I stay in the Eastern Shore
because the geese migrate here.
Year after year, their flying shadows settle my doubts of
earlier
wet days of spring, the heat of summer.
As I approach and suffer the assault of high frequency
screeches,
my tolerance nearly quits on me.
Excited and riled up by my presence,
they are like potent neon lights focused on my hearing.

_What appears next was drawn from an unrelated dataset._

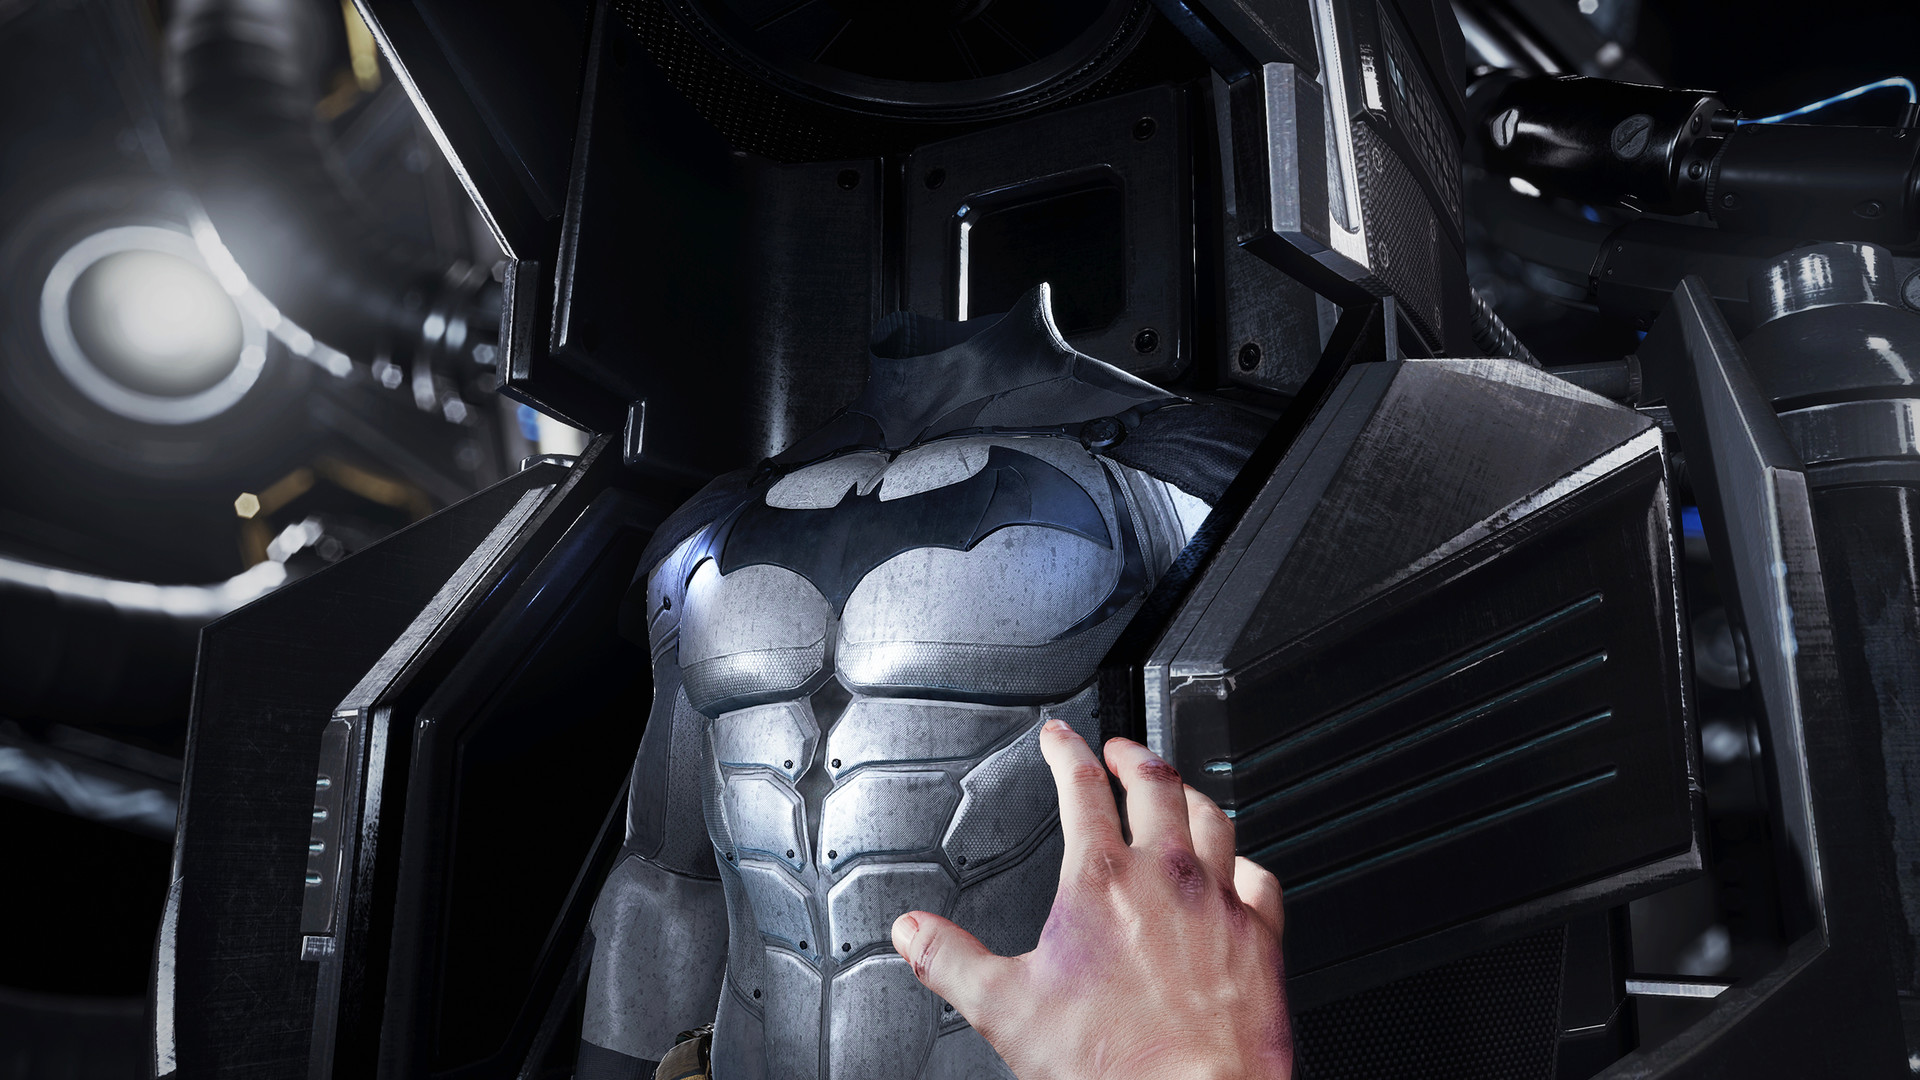 蝙蝠侠™:阿卡姆VR (Batman™: Arkham VR)

Their incessant talk remind me of village markets in foreign
places,
constant din of conversations,
calling out for goods,
haggling for better prices.
They dance toward each other, retreat, advance
"Hello, how are you, I lost track of you up in
Maine. Glad to see you.
There is a PREDATOR there. WATCH OUT!"
My arrival at the shore with the
dogs creates
an immediate
flurry of movement.
A large v-shape
of water in front of us clears.
Noisily explaining our presence,
they split into formal dance
troupes.
Ripples shimmer the surface
as I stand there
quietly,
the dogs enthralled, and a bit
afraid.
The geese begin to regain their
distance
and soon, in synchrony,
the gap is bridged.
For hours, we watch their dance,
these armies dressed in brown
and white and
black.
Not war like, not at all.
More like assembly lines inside
textile factories.
The acrid odor of sizing sprayed
on to every bolt
straight on to
my teary eyes.
Assembly lines of look alike,
brown and white
and black
yarn floating back and forth, in
motion on to belts.
Assembled colors in the weaving
of the looms,
unending touch of texture in
textiles.
Why humans cannot like their steady beauty?
Like deer, geese are a metaphor, a figure of speech
I do not particularly care to be accurate about,
or bother check in the dictionaries and annals of figures of
speech.
It is simply that geese, migratory or not,
just like deer,
remind me seriously that we are not getting it together
as maybe we should.
As it stands, we are screwing up this place all to hell.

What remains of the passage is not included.